# Need Help with Corsair PSU



## amolwagh (Jul 15, 2012)

Hello Guyz,

I own a old PC with AMD Athlon X2 7750 Dual Core Processor + Asus M3A Motherboard 500GB HDD + 2GB RAM

All configuration is DDR2, So i am adding more 2 GB RAM to it for some casual gaming at decent FPS.


For this I am adding either *HIS Radeon HD 6670 1 GB* @5k or _*PowerColor Radeon HD6750 1 GB*_ @5.6k. Graphics to it.

My problem is Should I use - Corsair VS450 PSU or Corsair CMPSU-430CXV2UK  ?

Why 450 Watt PSU is cheaper, is there any important specs difference?

Just suggest me what PSU is good for me and secondly I heard AMD needs 500+ Watt power supply. So is 430 or 450 watt supply is good enough?

Open for any suggestion regarding graphics or PSU...

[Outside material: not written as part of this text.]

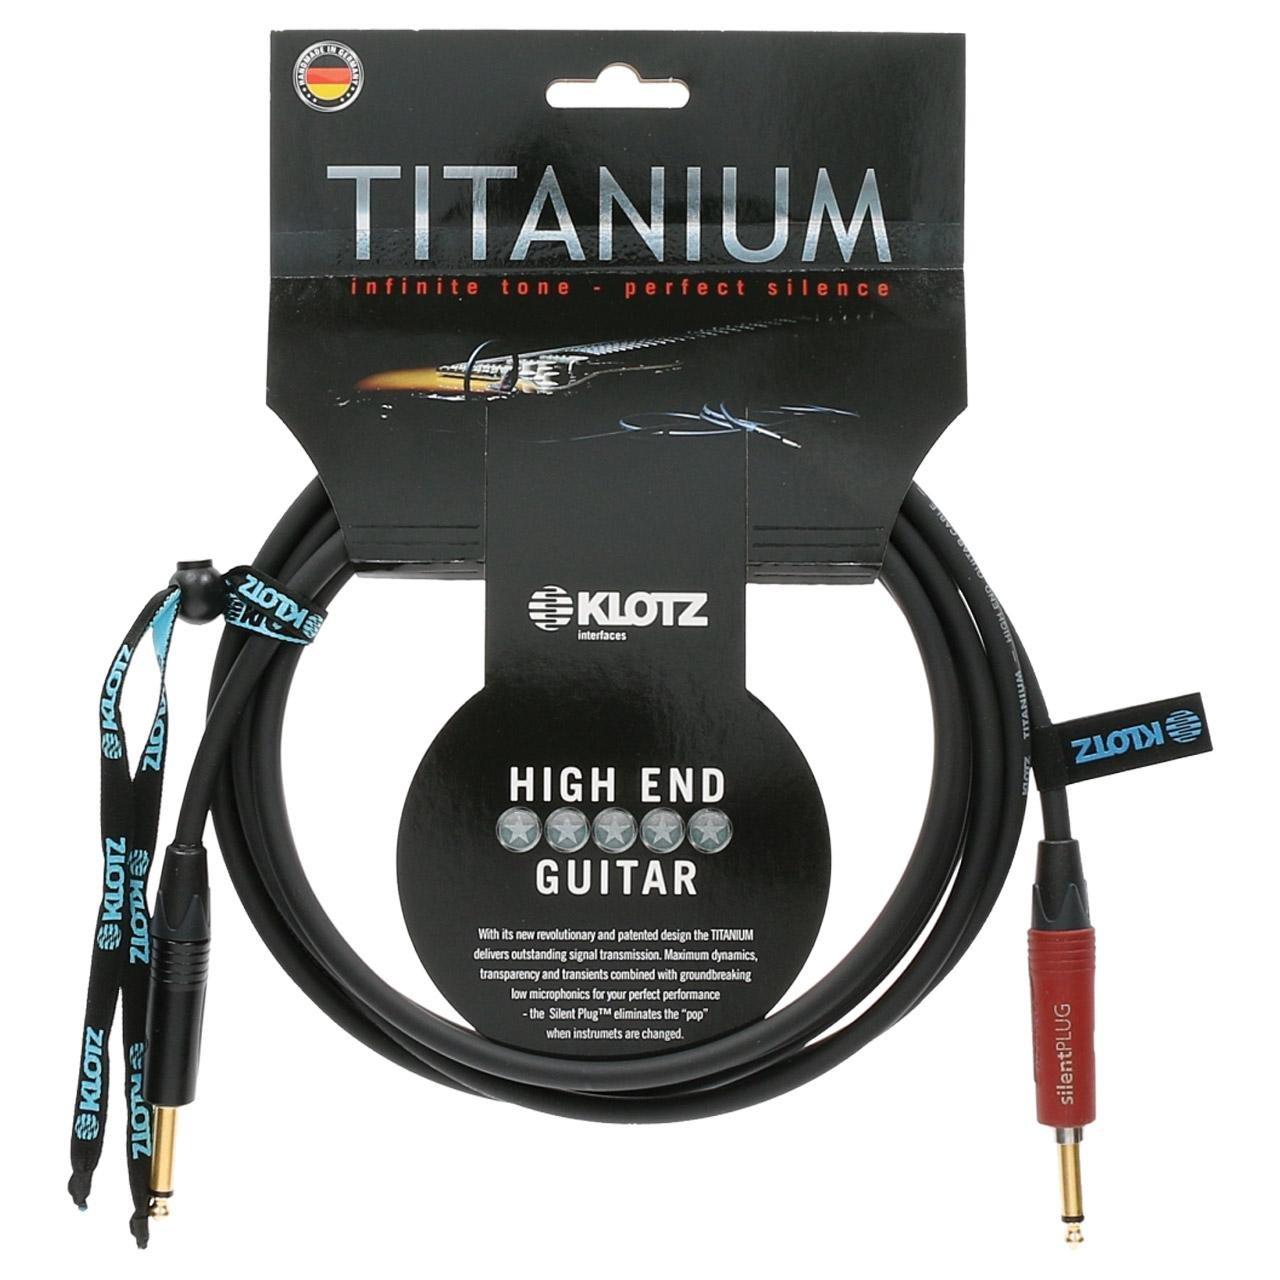 KLOTZ Titanium 20 Foot Instrument Cable (KLO-TI-0600PSP)

Also which latest game you think i can play with this whole rig at decent fps?


----------



## saikiasunny (Jul 15, 2012)

If possible get the cx430, has better components compared to the vs450. 
For games, if you are on low resolution, you can easily play games on low to medium settings. For better experience, you need to upgrade the whole rig.


----------



## amolwagh (Jul 15, 2012)

Ok, Thanks!


----------



## saikiasunny (Jul 15, 2012)

Welcome


----------



## d6bmg (Jul 16, 2012)

Buy any of those PSUs. 
that VS450 watt is cheaper because of its slightly lower efficiency than that of CX430 and also lack of 80+ certification.


----------